Leading fund manager Neil Woodford has issued an apology and explanation for his recent poor performance.
In a video posted on his website Woodford said that the performance of CF Woodford Equity Income has been ‘incredibly painful and [a] difficult thing to have to navigate.’
It has been a year to forget for the feted fund manager – with the fund showing a loss of 0.6 per cent over the period – leaving the fund rooted to the bottom of the Investment Association’s UK Equity Income fund sector. In contrast, the average fund has returned 8.9 per cent over the past year.
‘It's been a difficult period. And I'm very sorry for the poor performance that we've delivered really now since 2016.’
A couple of Woodford’s bets turned sour in recent months, most notably AstraZeneca and Provident Financial.
However, Woodford remains defiant and stands behind his portfolio: ‘There's huge potential in the portfolio, huge undervaluation. And it's a great portfolio, one that I own and want to own,’ he later said.
He noted that while AstraZeneca’s (which accounts for over 8 per cent of Woodford’s CF Woodford Equity Income fund) lung cancer drug trial in July was a significant setback for the company, the announcements came alongside ‘very good results and a number of other very good very positive things. Nevertheless, he adds ‘that was a sort of an event that the market focused on.’

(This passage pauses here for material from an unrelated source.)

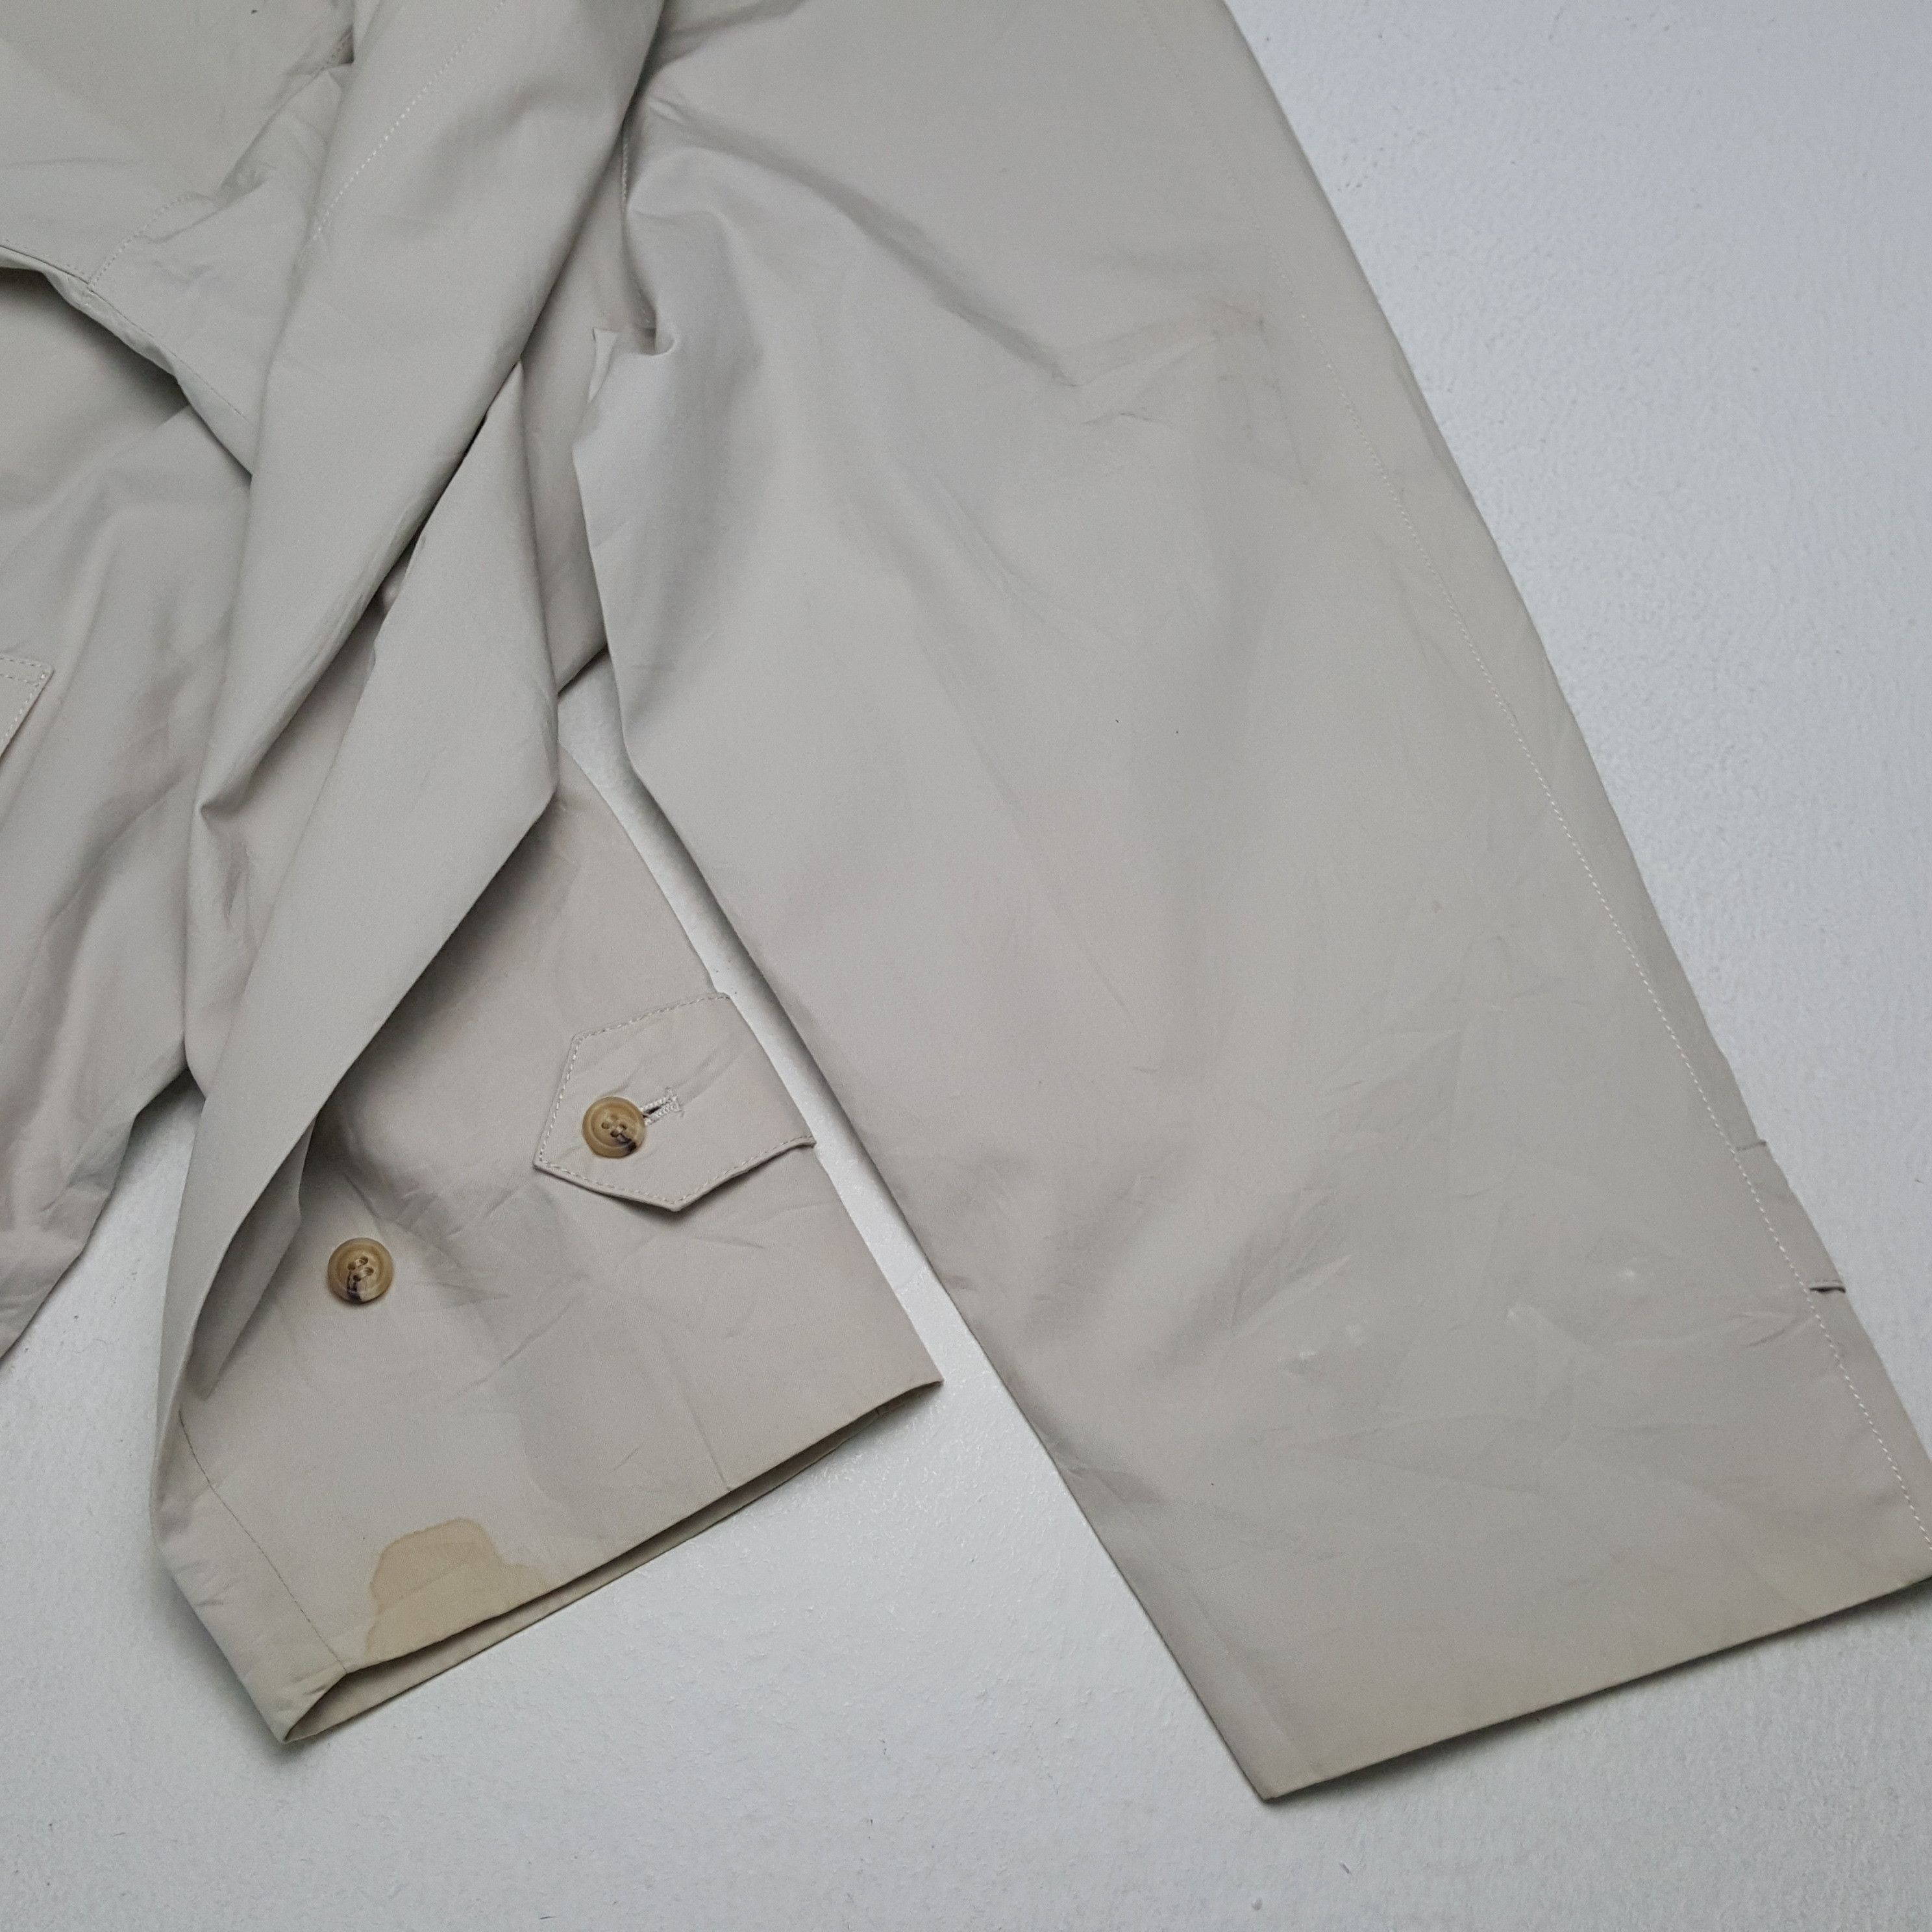 Vintage BARACUTA British Style Long Vintage Jacket Size US XL / EU 56 / 4 - 7 Thumbnail

It caused AstraZeneca’s share prices to plummet from 5,113p (26 July), down to 4,325p (27 July), a decline of 15.4 per cent. Share prices have yet to recover, currently sitting at 4,573p.
‘It's the biggest position in the portfolios. And of course, that was quite damaging to the funds in terms of the hits,’ Woodford said.

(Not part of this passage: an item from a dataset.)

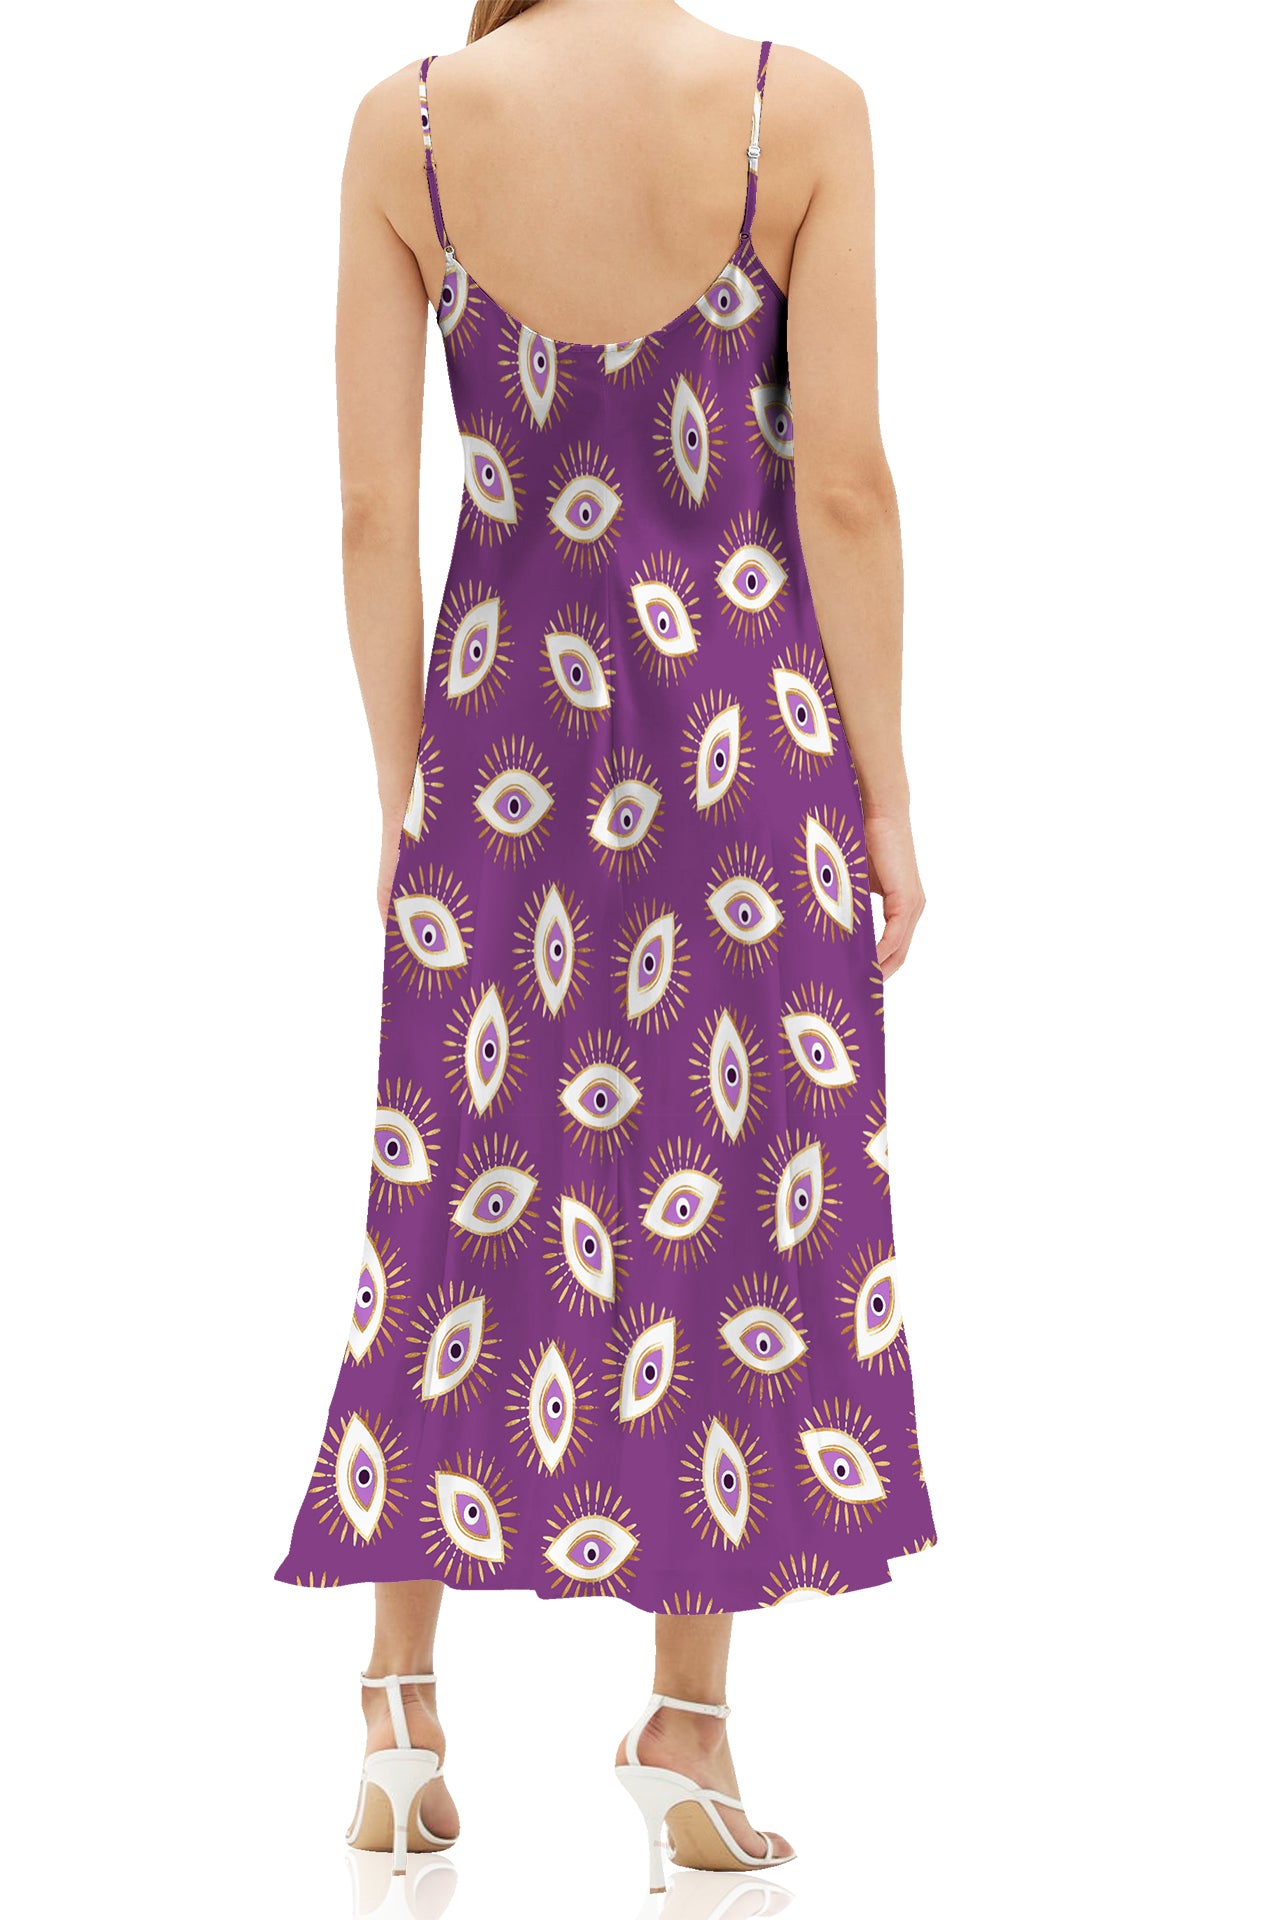 "purple cami dress" "evil eye print dress" "cami strap midi dress" "Kyle X Shahida"

He also noted the poor performance of Provident Financial, of which Woodford Investment Management owned 19.9 per cent. The doorstep lender saw its share price crash after a number of profit warnings, ultimately leading it to being relegated out of the FTSE 100 and into the FTSE 250.
Woodford, however, said that while stock specific problems have not helped, he argues underperformance is more down to ‘the rather odd characteristics of this bull run in the stock market’.

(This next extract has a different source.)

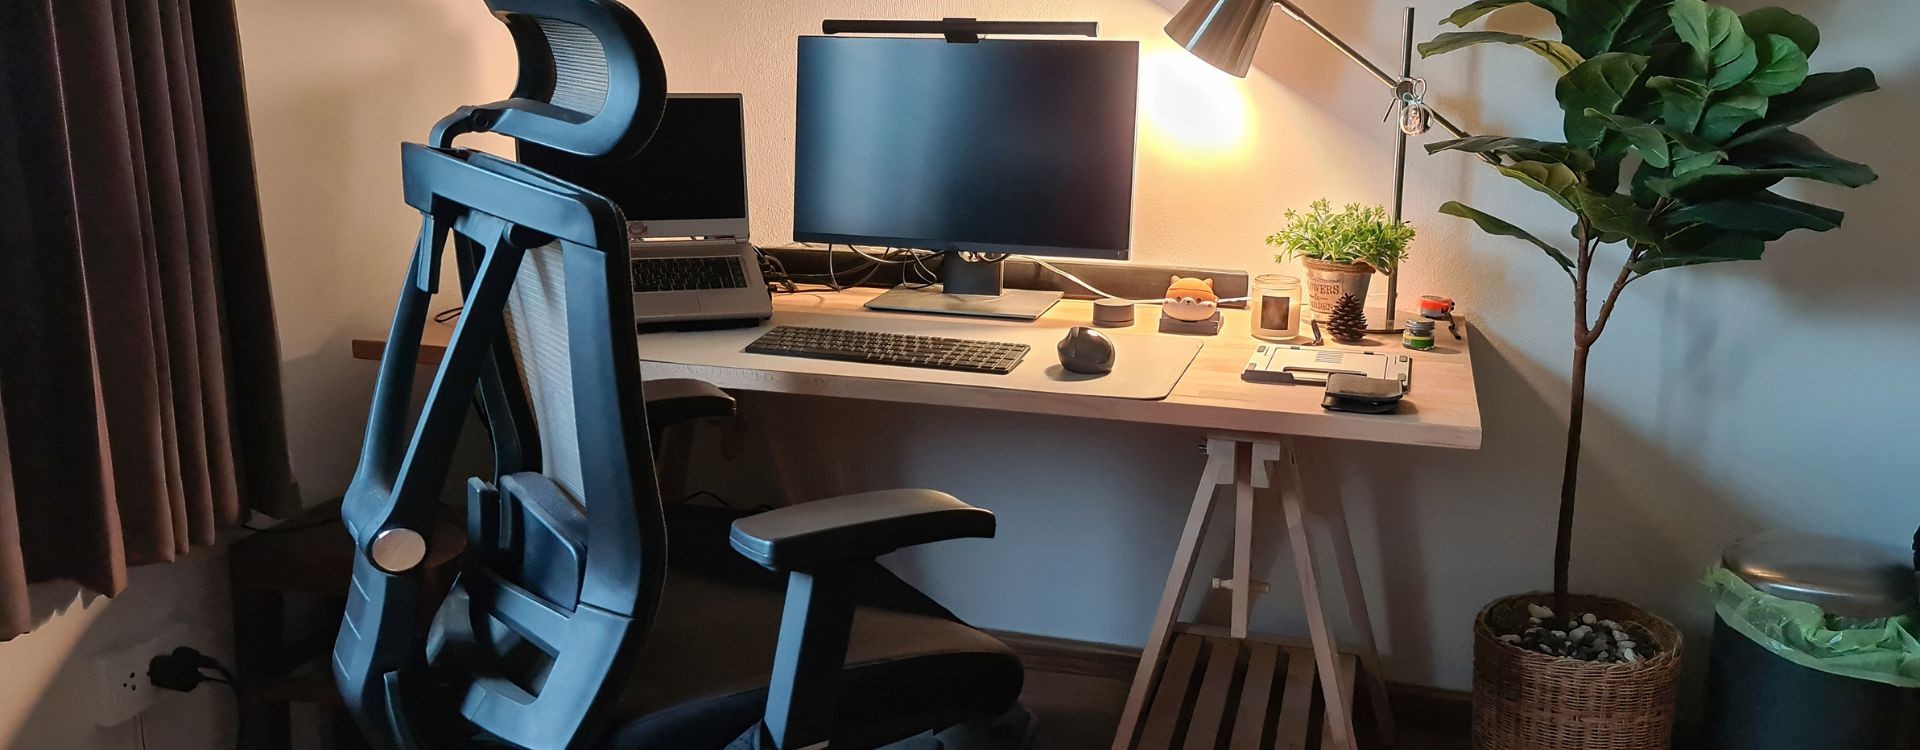 6 pasos para seleccionar una silla ergonomica de oficina El blog de Sillas-Muebles  – Sillas de diseño y ergonómicas

He adds: ‘It is a very narrowly led market. The stock market seems to want to bid up the prices of stocks that I've talked about before, which provide exposure essentially to Chinese credit growth.
‘In very simple terms, the stock market has decided that Asia, China is good, the UK is bad. It's a very sort of-- it sounds very simple. And maybe it is an oversimplification. But I see- I see that driving- I see that preference playing out in the stock market daily.’
Echoing previous claims, Woodford said that while ‘the short-term performance is painful and is difficult…it isn't a permanent loss of capital. And I can and I believe I will rebuild the performance and rebuild that capital that we've lost recently.’